Lavizzo-Mourey joined the faculty of the University of Pennsylvania as an assistant professor. During her tenure, she served as the director of the Institute on Aging from 1984 to 1992. She took a leave of absence from the university to work as deputy administrator for the Agency for Health Care Policy and Research under President George H.W. Bush’s administration. Lavizzo-Mourey then served as quality of care chair for President Bill Clinton’s panels on health care until 1994, when she returned to the University of Pennsylvania as a professor.
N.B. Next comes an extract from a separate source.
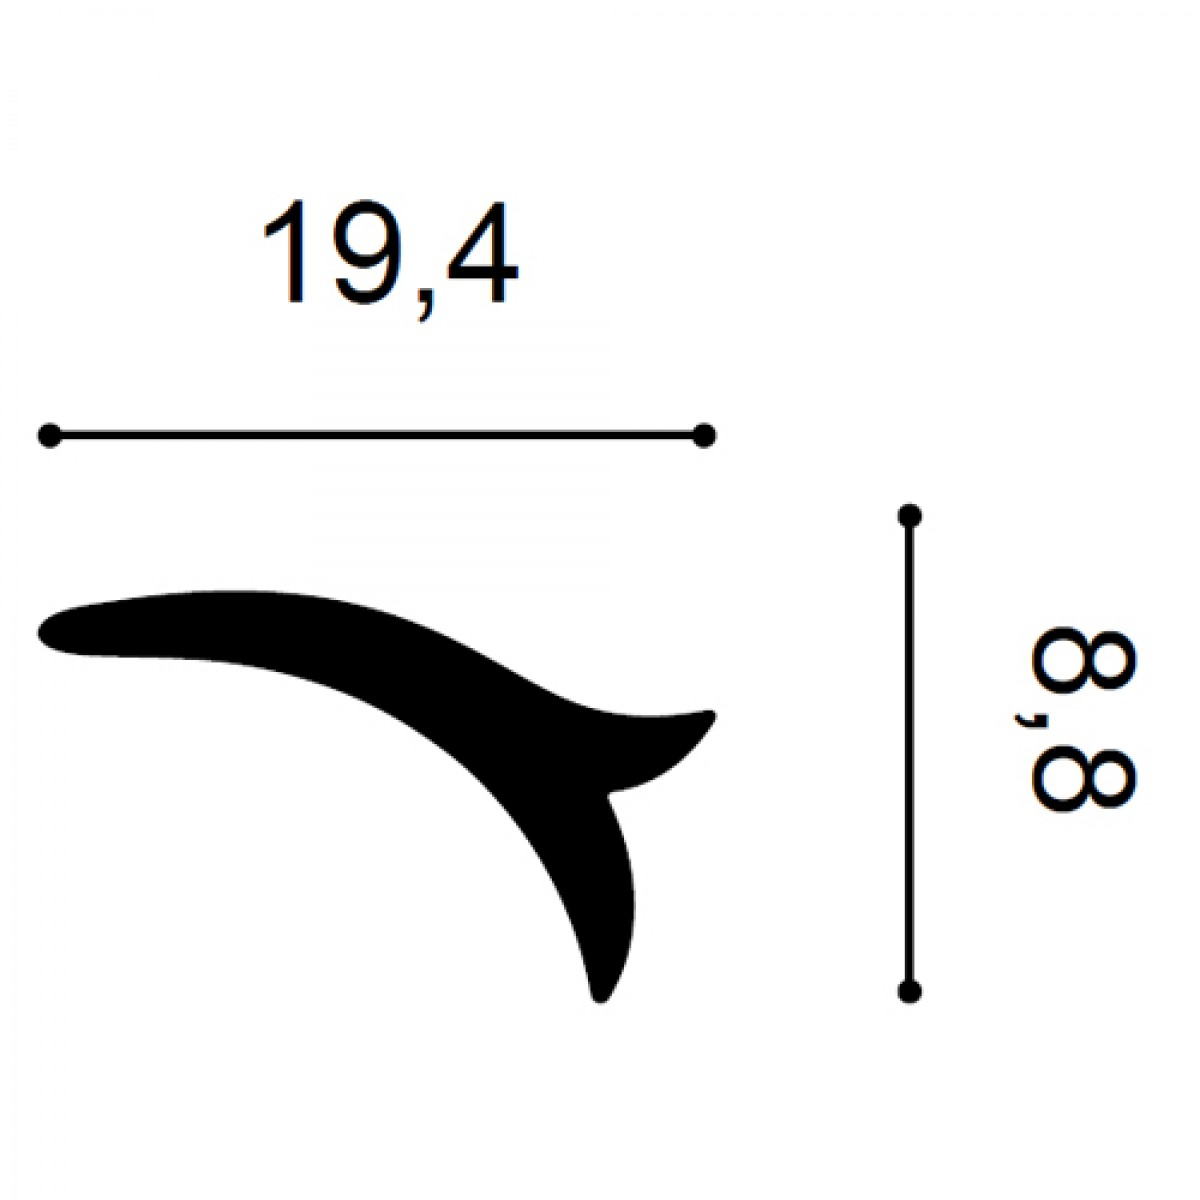 Element Decorativ Ulf Moritz G77, Dimensiuni: 19.2 X 9 X 1.8 cm, Orac Decor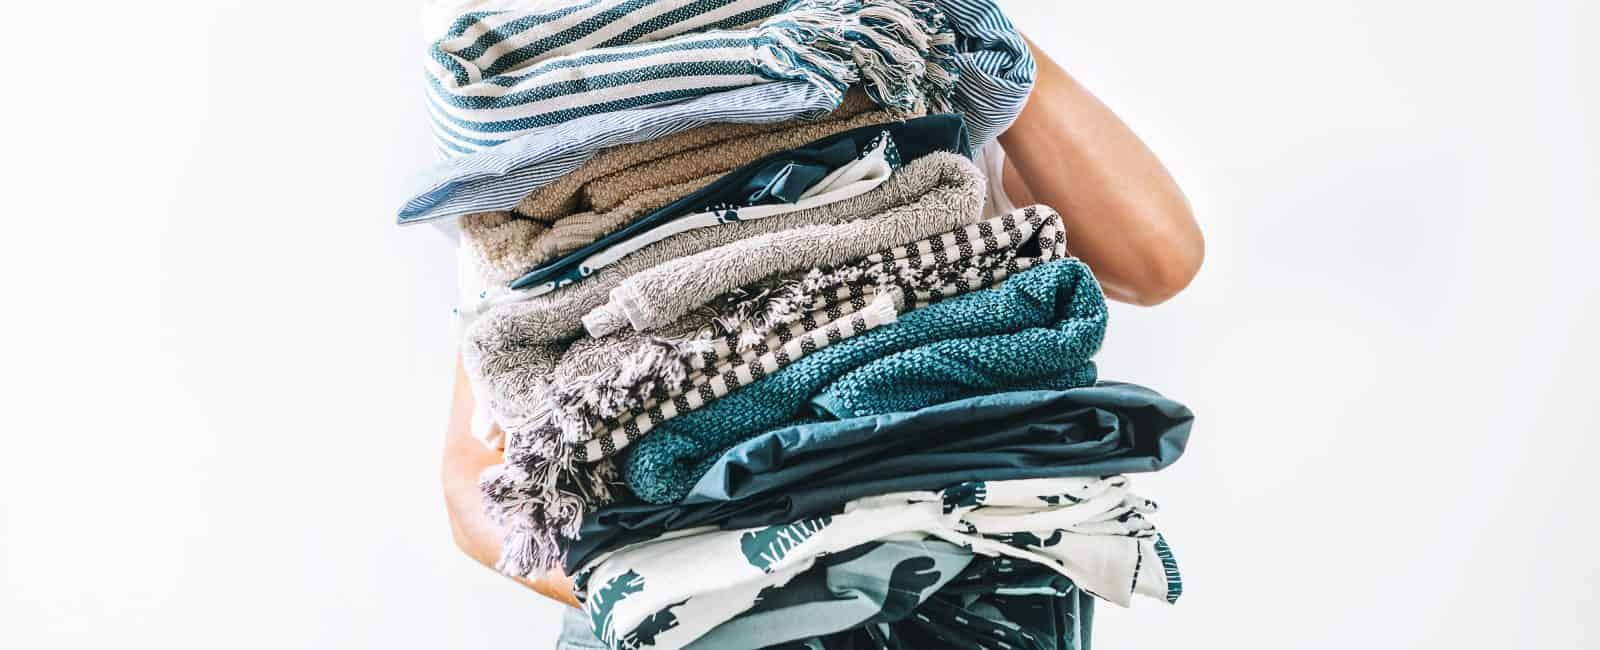 16 Things Marie Kondo Says Everyone Should Discard

Lavizzo-Mourey served as the associate executive vice president for health policy for the health system from 1994 to 2001, and the Sylvan Eisman professor of medicine and health care systems at the university from 1997 to 2002. In 2001, Lavizzo-Mourey was hired as a senior vice president of the Robert Wood Johnson Foundation, and was appointed to serve as the president and CEO of the foundation in 2003. While at the Robert Wood Johnson Foundation, Lavizzo-Mourey continued to see patients at a clinic in New Jersey, and launched an influential campaign against childhood obesity in 2007. The initiative decreased the obesity rate among children aged two to five years and halted its rise among those aged two to nineteen years.

Lavizzo-Mourey was the recipient of numerous awards, including twenty honorary doctorates from institutions like Brown University, the University of Pennsylvania, Tufts University, Morehouse School of Medicine, Meharry Medical College and Charles R. Drew University of Medicine and Science. She appeared on Forbes’ list of the most important women in the world eight times, and as one of Modern Healthcare’s one hundred most influential people in health care eleven times.

Lavizzo-Mourey and her husband, Robert Lavizzo-Mourey, have two adult children.

Dr. Risa Lavizzo-Mourey was interviewed by The HistoryMakers on December 14, 2016.